On Wednesday, the president signed an executive order allowing federal officials to extend the protections of Title VI of the Civil Rights Act to Jews. (The order, promptly condemned for classifying Jews as a separate nationality, did nothing of the sort.) In 2010, Kenneth Marcus called for precisely such a ruling in the pages of Commentary, citing in particular the Department of Education’s lax response to a series of incidents at the University of California at Irvine, where, among much elase, Jewish property was vandalized and Jewish students were pelted with rocks, called “dirty Jew” and other epithets, and were told, “Jewish students are the plague of mankind.”

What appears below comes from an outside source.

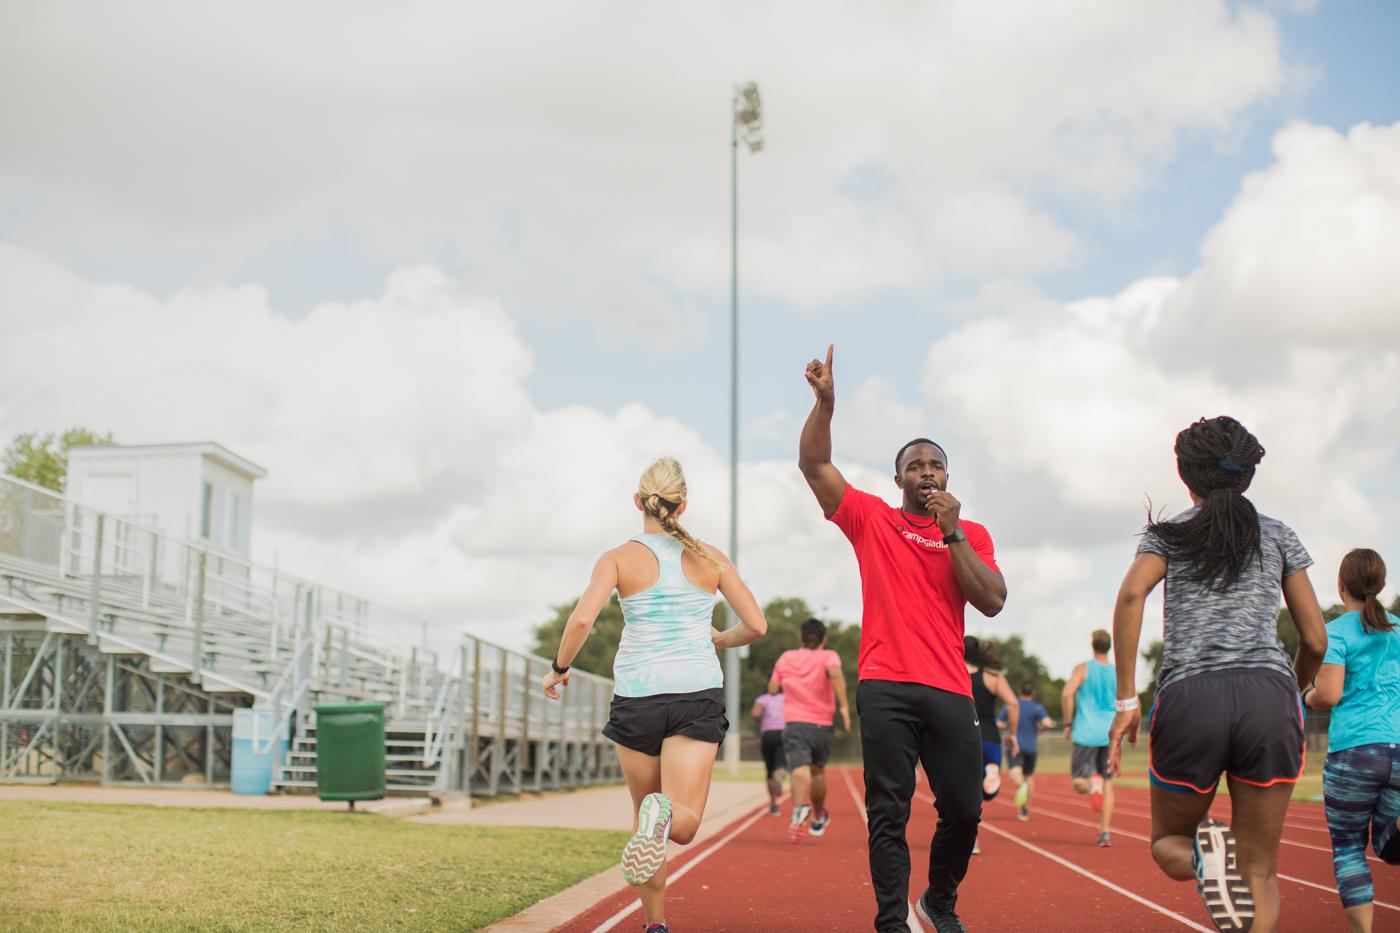 Outdoor lifestyle photography fitness training photoshoot.

When complaints were lodged over these incidents, . . . the university responded either with relative indifference or with little urgency. But when the federal government was asked in 2004 to intervene to deal with incidents that its own investigators had determined to be clear-cut violations of the civil rights of Irvine’s Jewish students, the U.S. Department of Education’s Office for Civil Rights failed to prosecute a single case. Indeed, it has finally become clear that the current policy of the office charged with enforcing civil rights at American universities involves treating anti-Jewish bias as unworthy of attention—a state of affairs in stark contrast to the agency’s quite justified alacrity in responding to virtually every other possible case of discrimination.
The lack of a coherent legal conception of Jewish identity has rendered the Office for Civil Rights (henceforth, OCR) unable to cope with [this] resurgence of anti-Semitic incidents on American college campuses, of which the Irvine situation is enragingly emblematic. The problem stems from the fact that federal agents have jurisdiction under Title VI of the Civil Rights Act over race and national-origin discrimination—but not over [religious discrimination]. And because they have been unable to determine whether Jewish Americans constitute a race or a national-origin group, they found themselves unable to address the anti-Semitism at Irvine. This confusion has led to enforcement paralysis as well as explosive confrontations and recriminations within the agency.
The position of David Black, [the OCR’s second-highest-ranking official], on the Irvine case was quite simple: “The allegations in [this] case were religious discrimination” and were therefore outside the scope of his office’s responsibilities because “OCR doesn’t have jurisdiction over religion.” . . . Black wanted more careful scrutiny of certain technical issues—and also insisted, oddly, that [OCR] staff “investigate whether Jewish students were Americans or of Israeli origin.”